These results show that the smallest differences are obtained only with the system of the invention.

In contrast, in the absence of RMC, and thus using only a single test signal, assay is possible but the uncertainty in the measurement is greater.

The weighting effect was further demonstrated by repeatability tests. In this case, the same sample was assayed 21 times using the method of the invention.

REPEATABILITY TEST
Plasma 1
	Plasma 1
			Test/	DDimer assay
Tests	Test	RMC	RMC ratio	(ng/ml)
1	2063	5699	0.36	650
2	2518	6103	0.41	725
3	2395	5822	0.41	725
4	1997	4451	0.45	775
5	2236	4637	0.48	770
6	1559	4314	0.36	650
7	2186	4955	0.44	760
8	2368	5799	0.41	725
9	1911	5310	0.36	650
10	1939	5508	0.35	630
11	1608	4523	0.36	650
12	2067	5247	0.39	680
13	1989	5276	0.38	675
14	1442	4383	0.33	600
15	2312	5801	0.40	700
16	2411	5482	0.44	760
17	2228	5471	0.41	725
18	2392	5560	0.43	750
19	1872	5652	0.33	600
20	2008	5351	0.38	675
21	2043	4718	0.43	750
Mean	2073.52381	5241.04762	0.396	696.429
Standard	292.10	540.45	0.04	55.46
deviation
C.V. (%)	14.09	10.31	10.45	7.96

With these repeated assays, the method of the invention allowed the variations to be weighted. A gain of 4% to 6% in variation was observed, compared with the test signal alone.

Claims

1. A method for the quantitative measurement of at least one analyte of interest in a liquid sample by immunochromatography, said method comprising the following steps:

a) providing an immunochromatography device comprising a solid support in the form of a strip, said support comprising a sample application zone, a migration zone, a specific capture zone for each of the investigated analytes and a ratiometric measurement control zone (RMC), the specific capture zone or zones each comprising a capture reagent immobilized on the support, said capture reagent forming a specific bound pair with one of the investigated analytes, and said RMC zone comprising a control capture reagent immobilized on the support, said reagent forming a specific bound pair with a control reagent carrying a detectable tag;

b) bringing the sample into contact with a control reagent carrying a detectable tag and with a conjugate or a mixture of conjugates, each conjugate being constituted by a reagent forming a specific bound partner with one of the investigated analytes and carrying a detectable tag absorbing at the same wavelength as the tag for the control reagent;

c) depositing the sample which has been brought into the presence of the control reagent and the conjugate or mixture of conjugates on the application zone of the support;

d) maintaining the device under conditions sufficient to allow the investigated analyte or analytes to form bound pairs with the specific conjugate or conjugates and to allow transport of the investigated analyte or analytes and the control reagent by capillary action along the solid support to each of the specific capture zones for the investigated analyte or analytes and to the RMC zone;

e) maintaining the device under conditions sufficient to allow further binding of the investigated analyte or analytes with the capture reagent or reagents in the capture zone or zones, and binding of the control reagent with the control capture reagent at the RMC zone;

f) measuring the intensity of the test signal produced by the conjugate bound to the investigated analyte at each of the capture zones and that of the RMC control signal produced by the control reagent at the RMC zone, whereby the quantity of each analyte of interest in the sample is directly proportional to the ratio of each test signal to the RMC control signal.
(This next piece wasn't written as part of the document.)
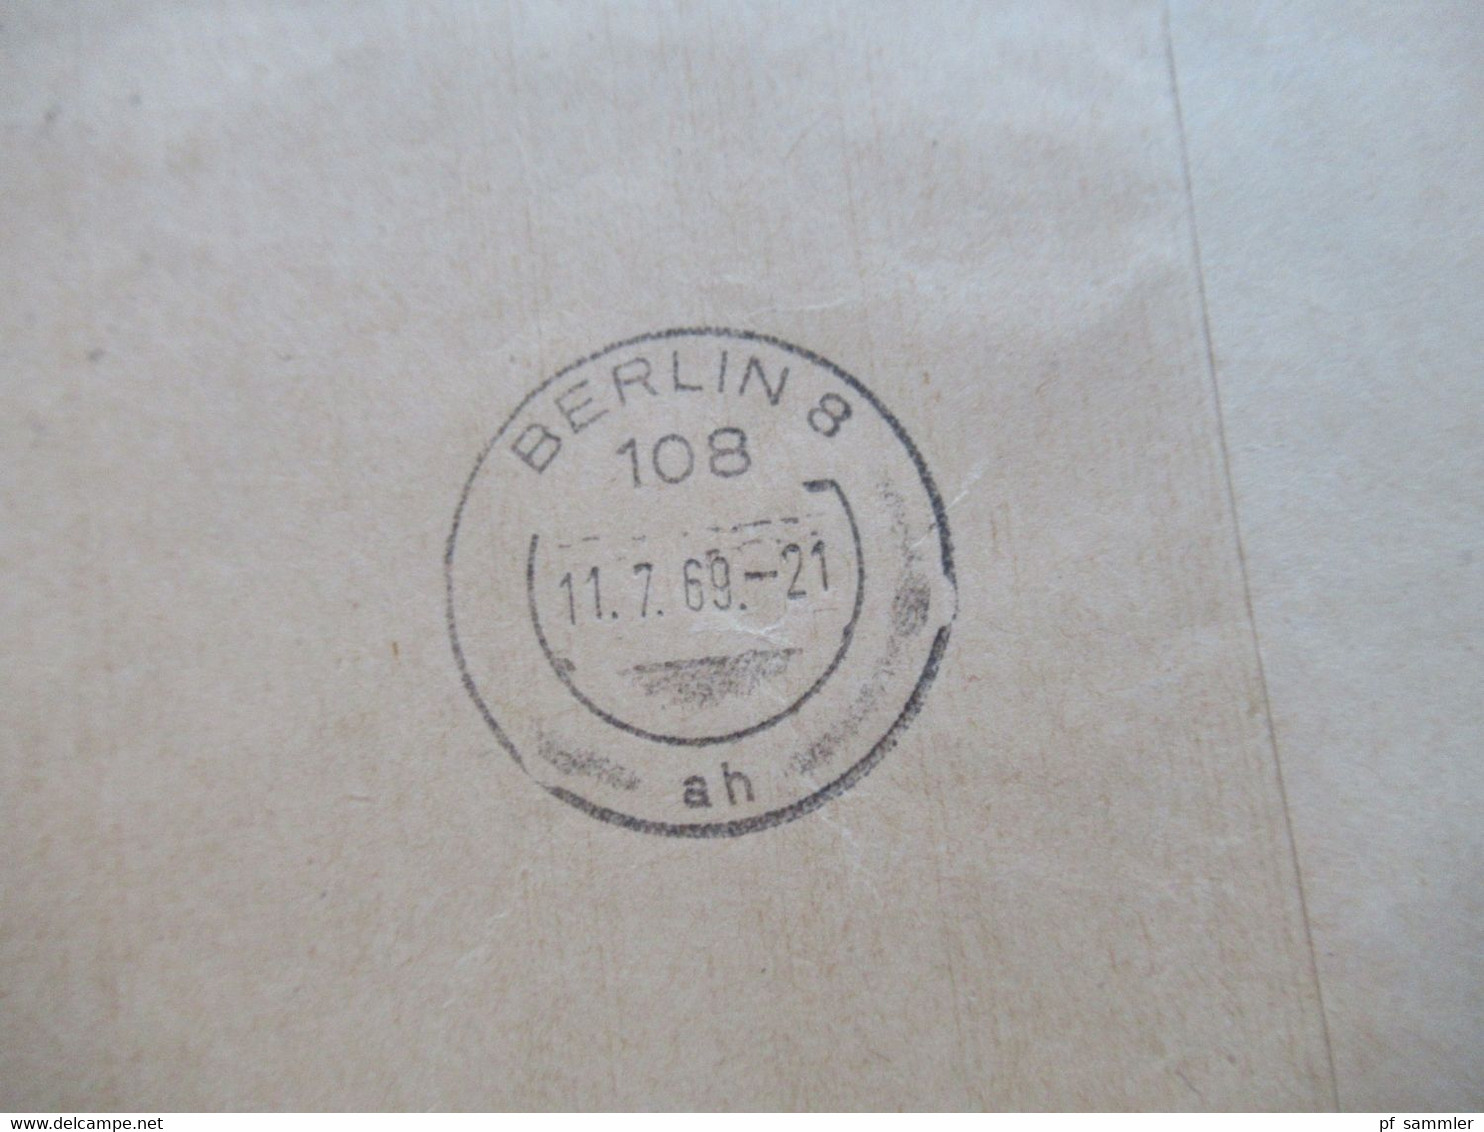 Dienst ZKD 1969 violetter AFS Ministerrat der DDR Ministerium der Finanzen ZKD Umschlag umgehend zurück an Poststelle

2. A method for the quantitative measurement of at least one analyte of interest in a liquid sample by immunochromatography, said method comprising the following steps:

a) providing an immunochromatography device comprising a solid support in the form of a strip, said support comprising a sample application zone, a migration zone, a specific capture zone for each of the investigated analytes and a ratiometric measurement control zone (RMC), said application zone comprising a reservoir containing a control reagent carrying a detectable tag and a conjugate or a mixture of conjugates, each conjugate being constituted by a reagent that is capable of forming a specific bound partner with one of the investigated analytes and carrying a detectable tag absorbing at the same wavelength as the control reagent tag, and said RMC zone comprising a control capture reagent immobilized on the support, said reagent forming a specific bound pair with the control reagent carrying a detectable tag;

b) depositing the sample on the application zone of the support;

c) maintaining the device under conditions sufficient to allow the investigated analyte or analytes to form bound pairs with the specific conjugate or conjugates and to allow transport of the investigated analyte or analytes and the control reagent by capillary action along the solid support to each of the specific capture zones for the investigated analyte or analytes and to the RMC zone;

d) maintaining the device under conditions sufficient to allow further binding of the investigated analyte or analytes with the capture reagent or reagents at the capture zone or zones, and binding of the control reagent with the control capture reagent at the RMC zone;

e) measuring the intensity of the test signal produced by the conjugate fixed to the investigated analyte at each of the capture zones and that of the RMC control signal produced by the control reagent at the RMC zone, whereby the quantity (or ratio) of each analyte of interest in the sample is directly proportional to the ratio of each test signal to the RMC control signal.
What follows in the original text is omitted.